Как-то он заявил нам: «Послезавтра, дети, у меня день рождения». Дети передали это родителям, и все принесли по букету цветов или горшочку — весь его стол и все возвышение буквально утопали в цветах. Он поблагодарил нас и сказал, что привел свою жену — та встала из-за стола и поклонилась нам, — чтобы она помогла ему донести все эти цветы домой.

Чтение мне было скучно, зато было интересно учиться писать — этого я еще не умела, и мне нравилась ручка, перо, темно-синие чернила. Придя из школы домой, я сразу бежала за свой столик в спальне и делала задание по письму. Писать нас учили готическим шрифтом — прямые, острые буковки.

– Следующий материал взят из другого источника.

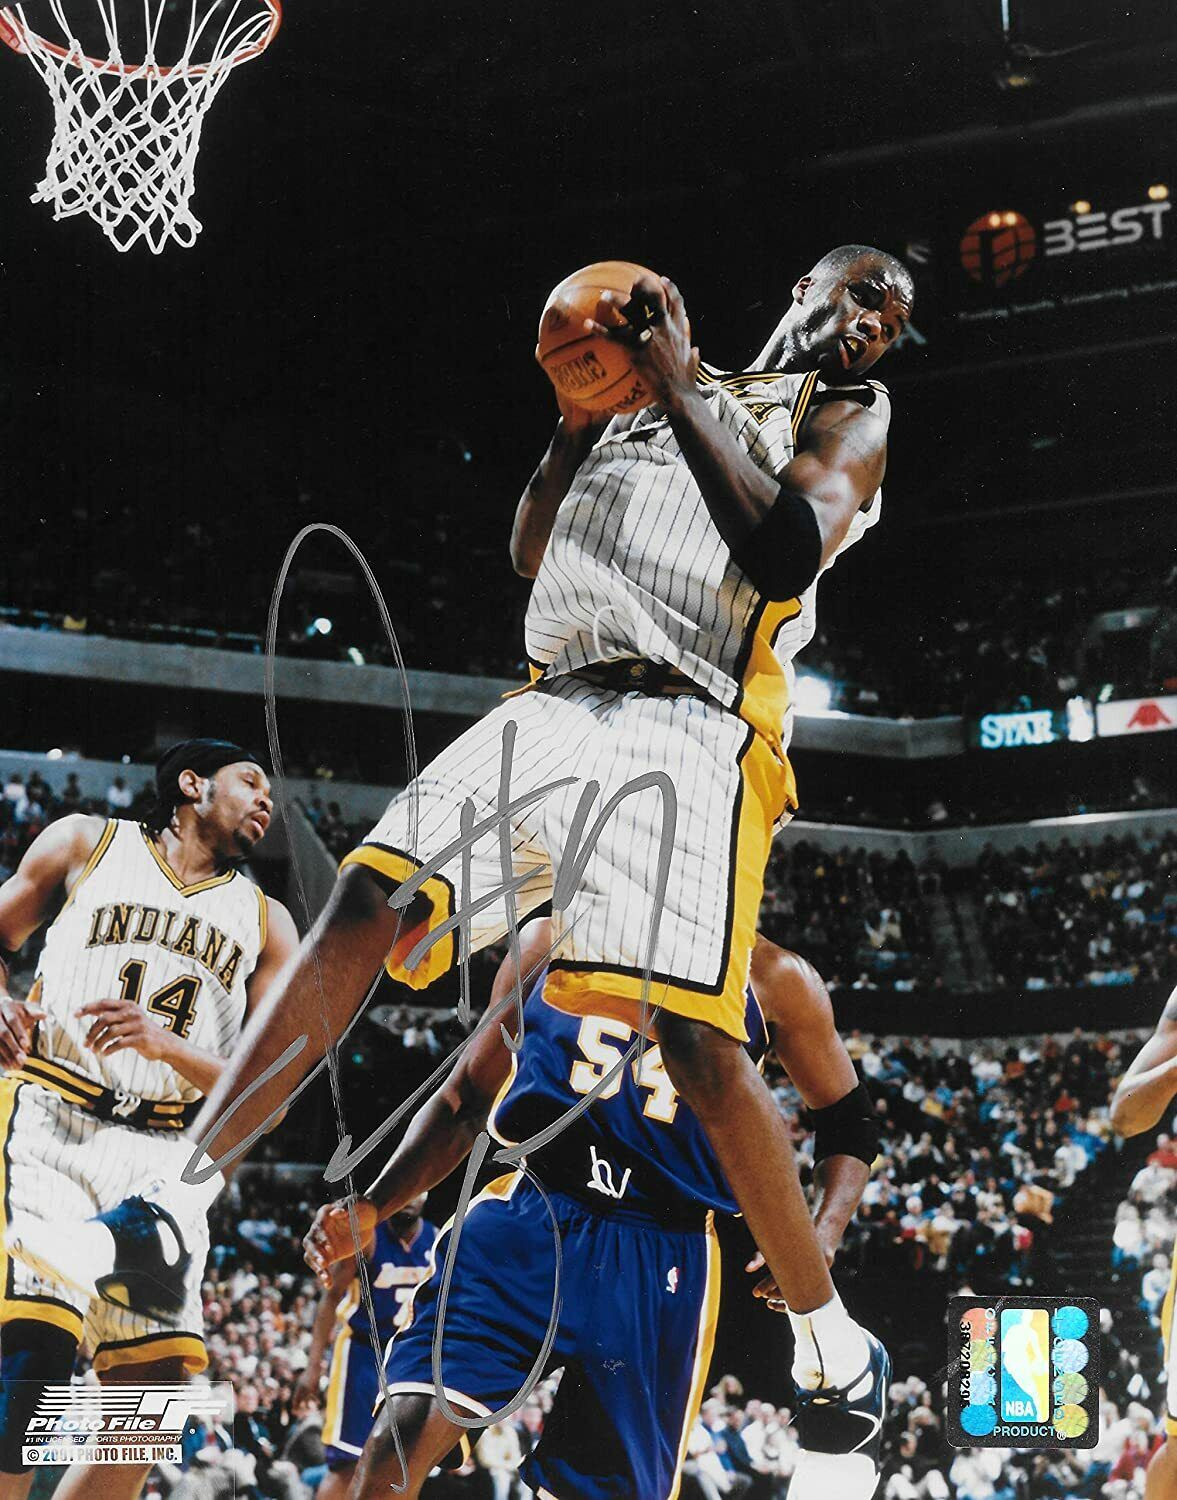 Jermaine Washington Mall O'Neal autographed Indiana photo basketball Popular brand 8x10 Pacers
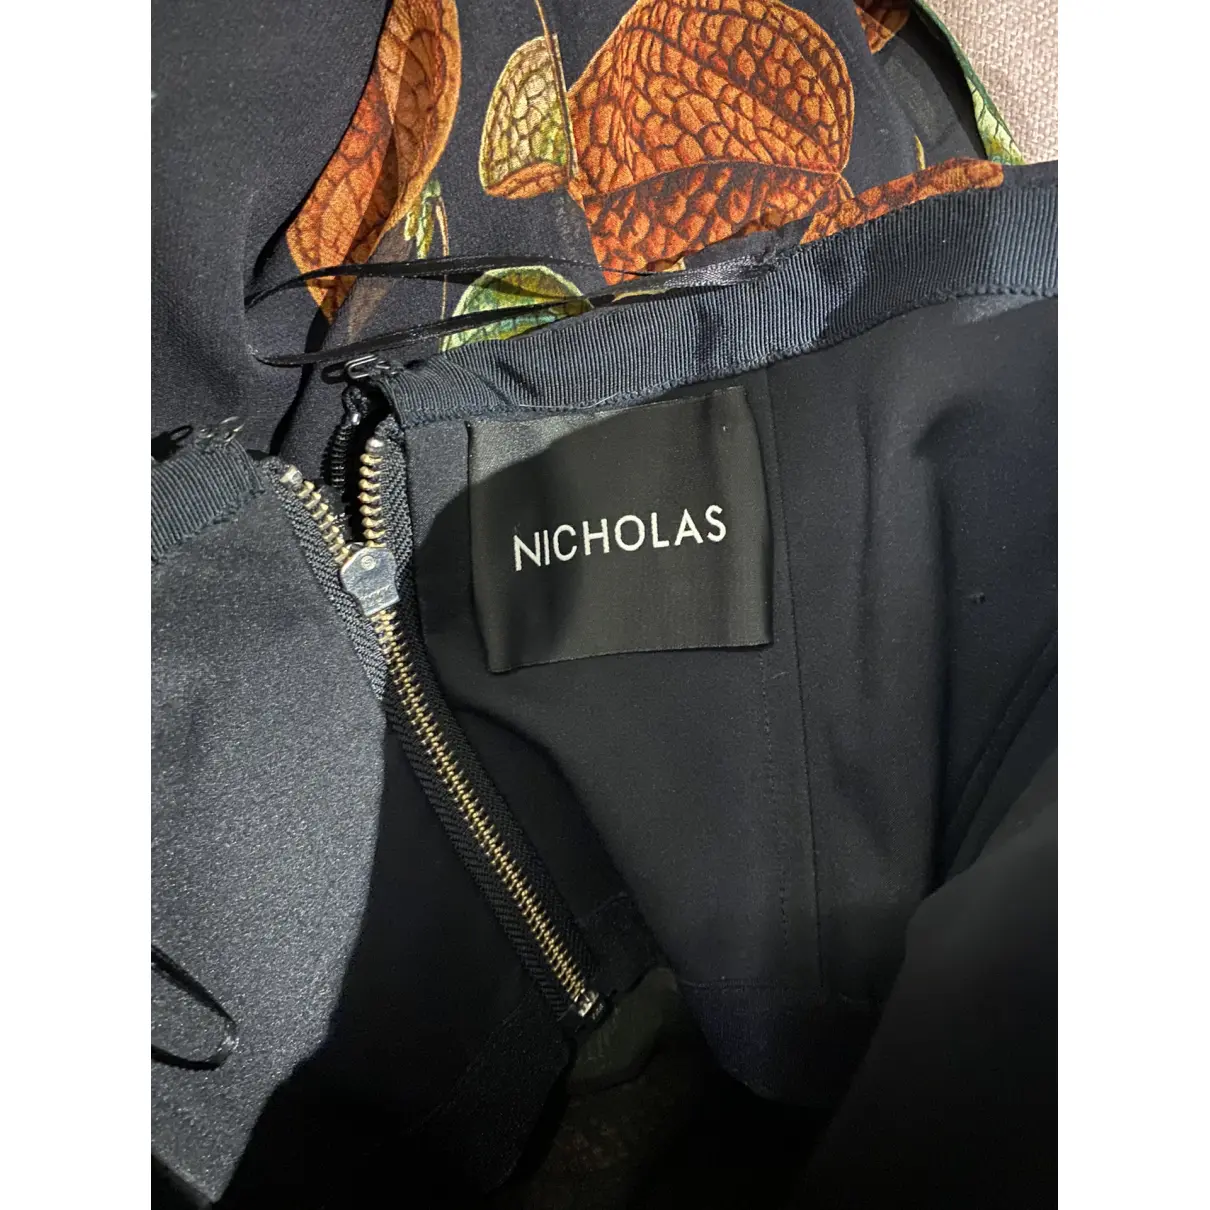 Buy Nicholas Silk jumpsuit online
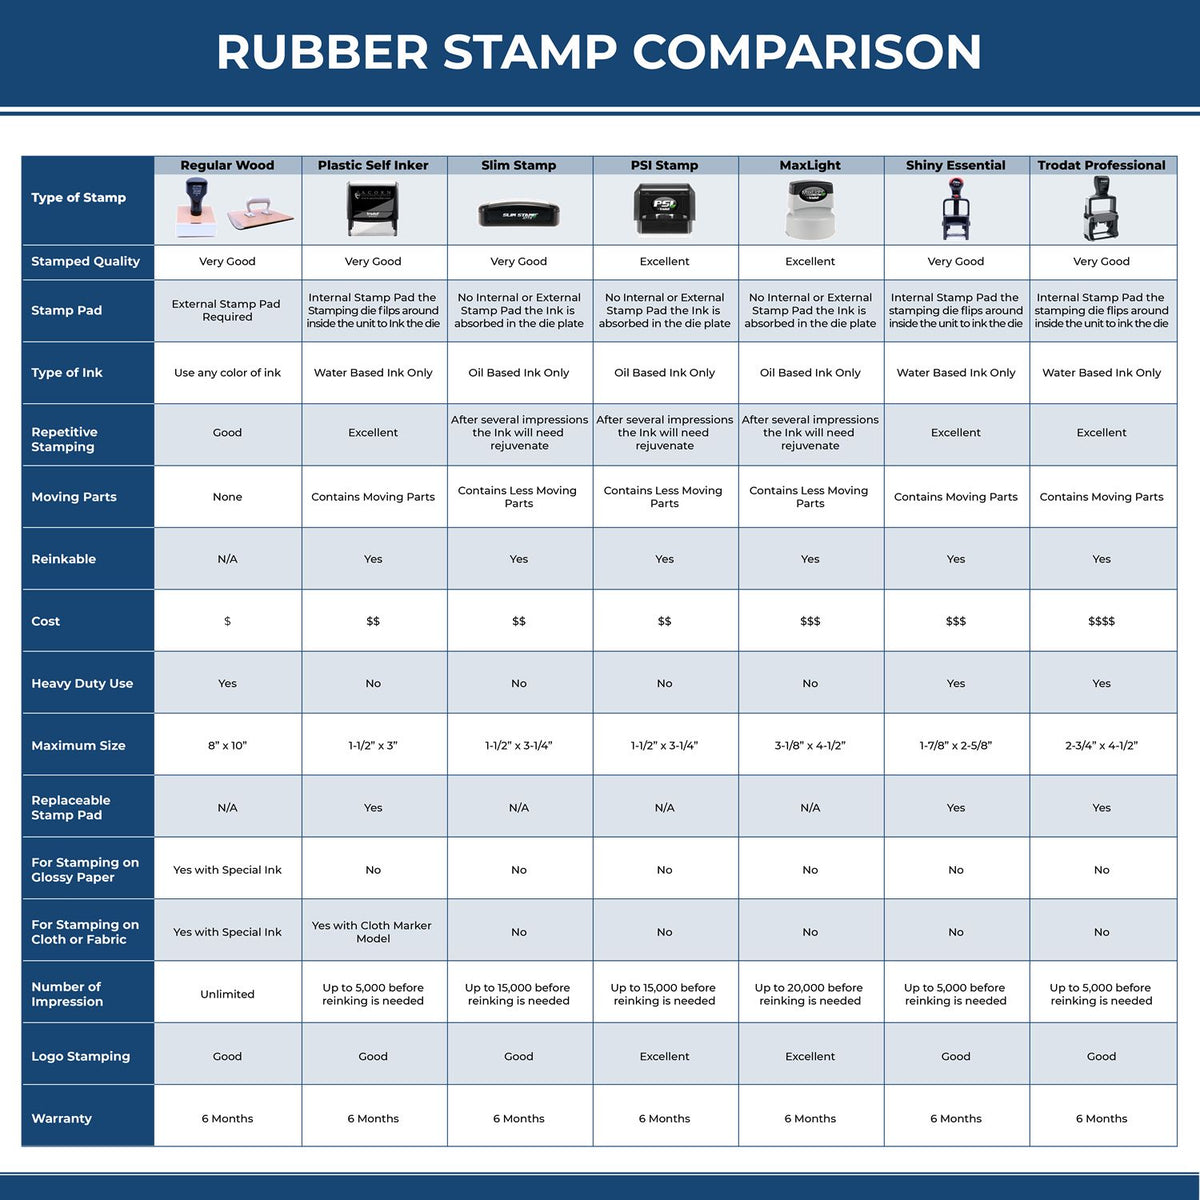 Large Return for Better Address Rubber Stamp 4970R Rubber Stamp Comparison

Я хорошо их выводила, но, как всегда, хотелось быстрее, не хватало терпения, и потому в тетрадках у меня было грязновато: то клякса, то между буквами неодинаковые расстояния, и я скоро поняла, что мне никогда не достичь аккуратного красивого почерка, как, например, у Ильзы Флайшер, девочки необыкновенно чистенькой, у которой в тетрадях и книжках никогда не загибались уголки. Мне оставалось только вздыхать.

Арифметика мне тогда давалась довольно легко — это уже позже я охладела к ней. Кроме письма, чтения и арифметики у нас еще были уроки религии и рисования. Пения как такового не было, но иногда в конце занятий герр Зиберт доставал из своего стола скрипку и играл нам. Рисовали мы больше дома, а учитель потом проходил по рядам, смотрел наши тетради и ставил отметки. Помню его то и дело звучавший деловитый вопрос: «Кто помогал?» И обязательно правдивые ответы: «папа», «старший брат» и так далее. Он тогда делал только черту и отметку не ставил. Меня он никогда не спрашивал, зато всегда хвалил. И обязательно все наши рисунки потом вывешивались в классе для всеобщего обозрения.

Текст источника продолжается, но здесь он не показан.